"""

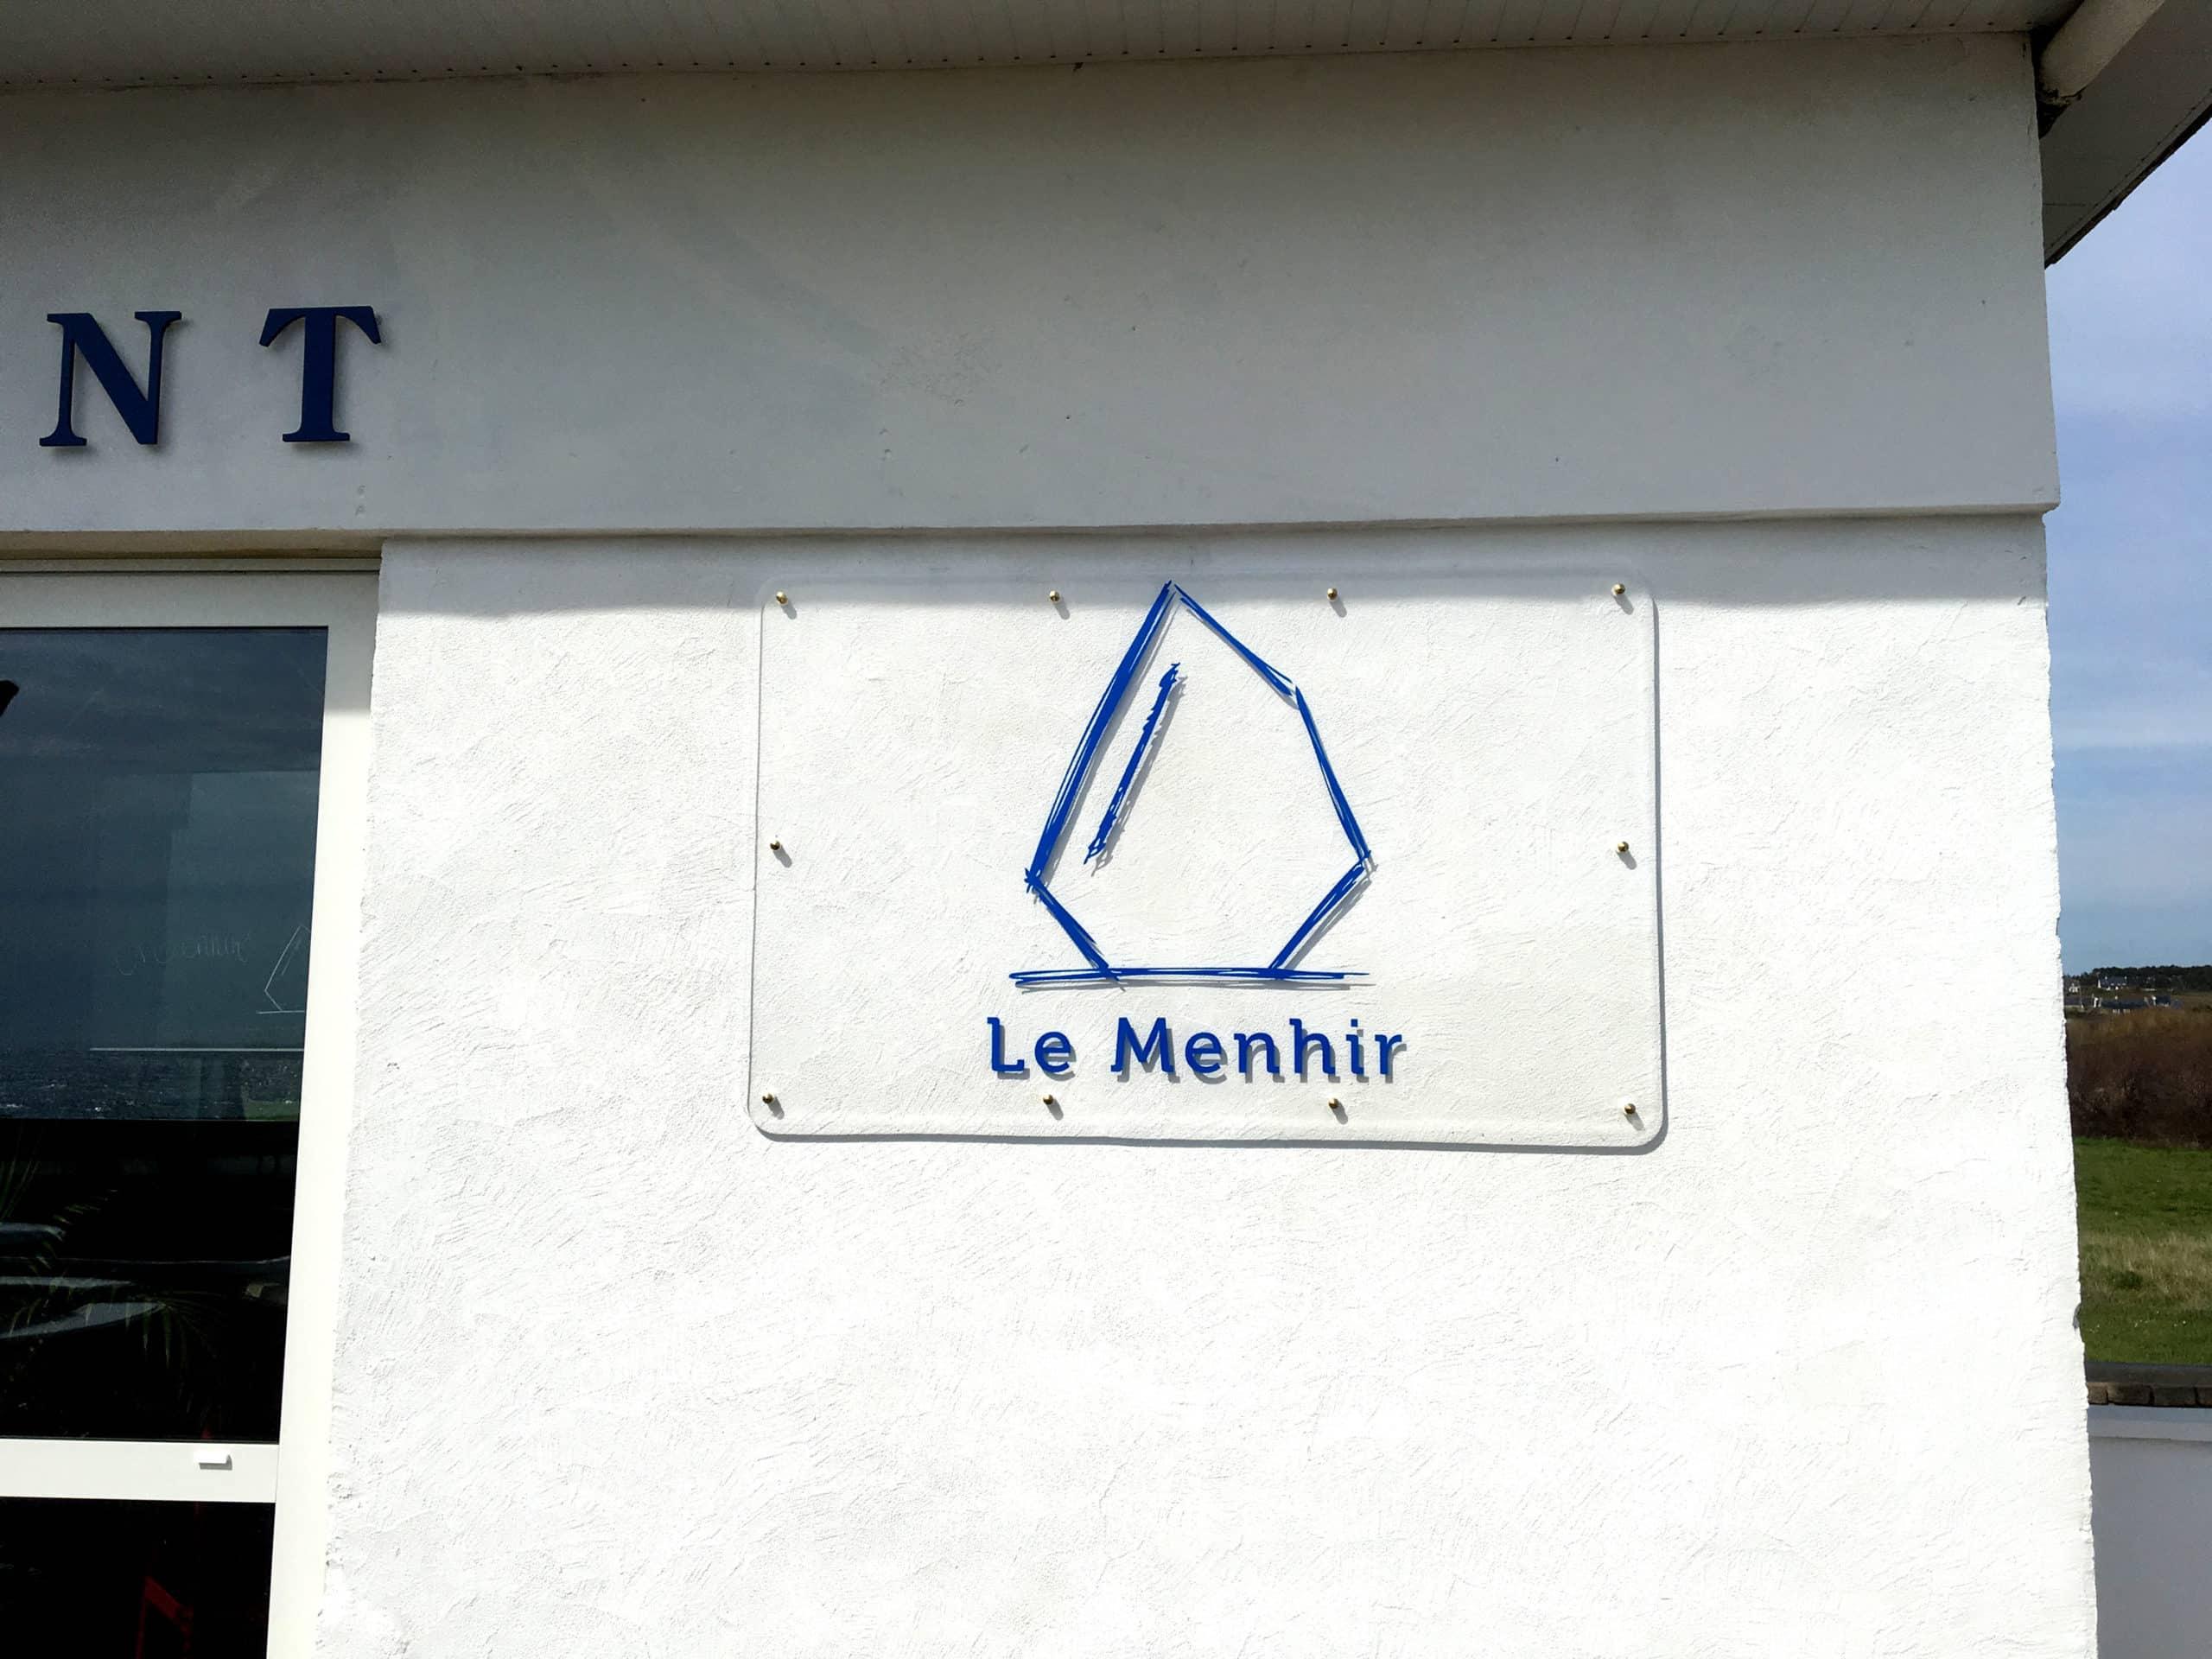 Plaque PMMA transparente avec lettrage adhésif - Restaurant Le Menhir - Plozévet
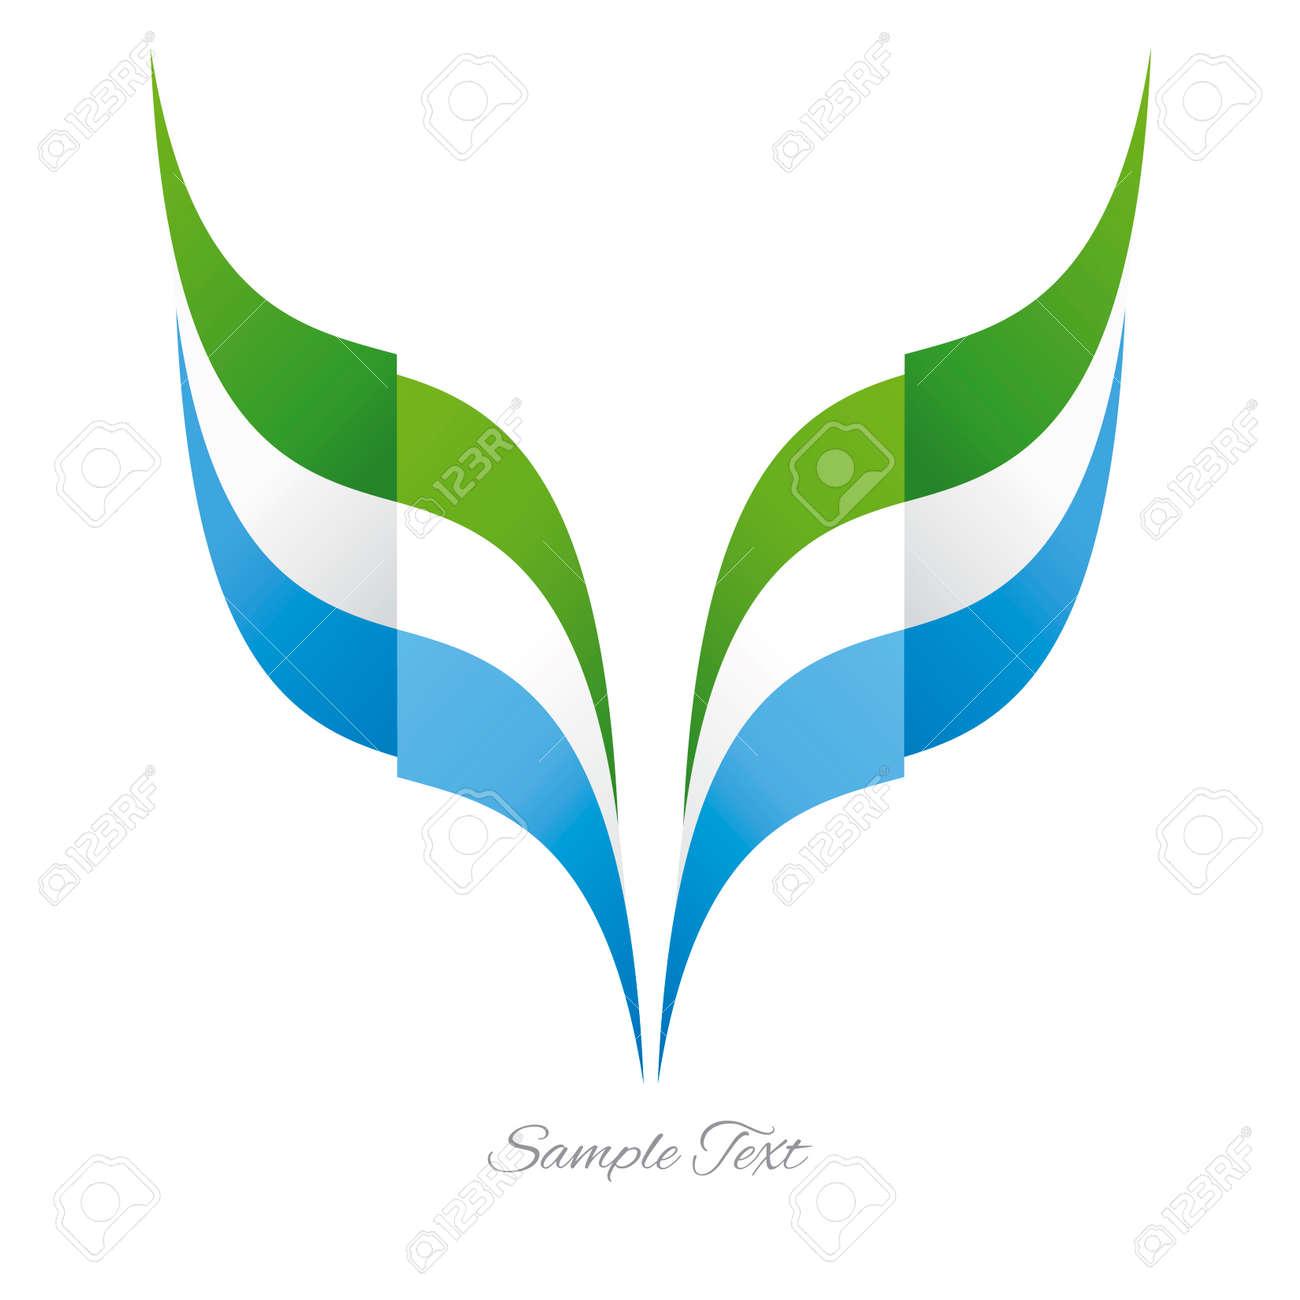 Abstract Sierra Leone eagle flag ribbon logo white background - 55160121
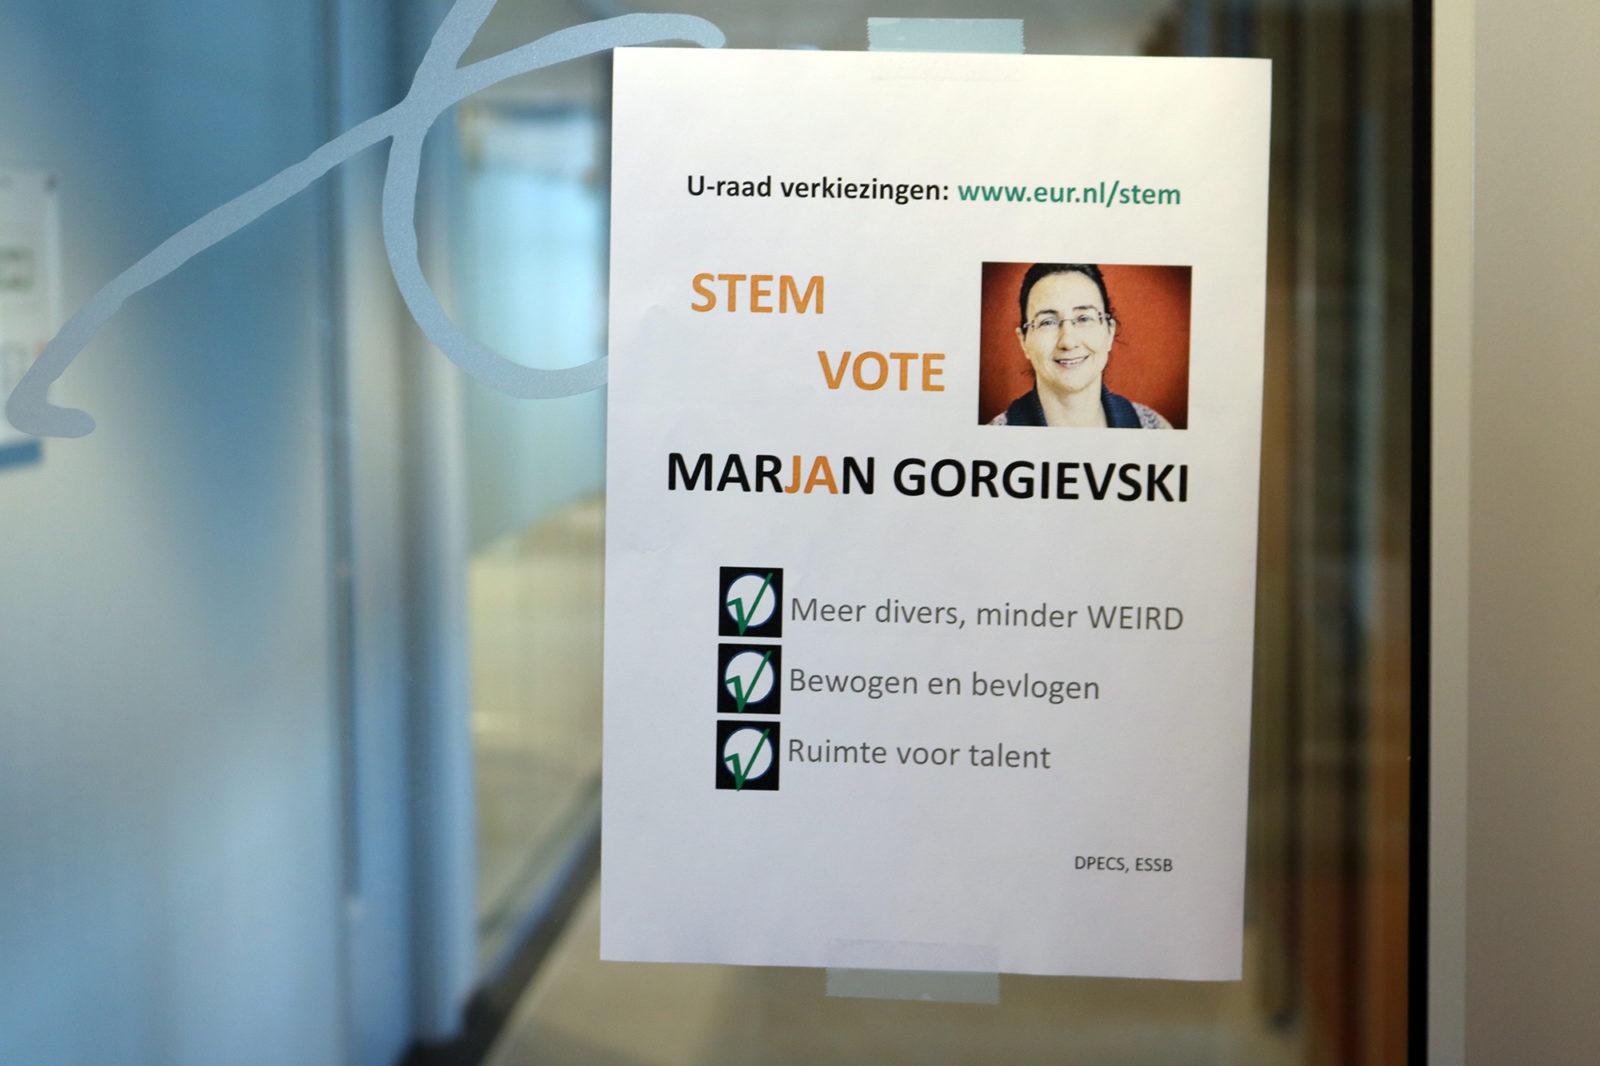 Marjan-Gorgievski

"""

Starting with the line that contains "Abstract Sierra Leone", reproduce every line down to the end of the listing above, both endpoints included. Pictures stay out.

• EXPECTED OUTPUT:
 Abstract Sierra Leone eagle flag ribbon logo white background - 55160121
 Marjan-Gorgievski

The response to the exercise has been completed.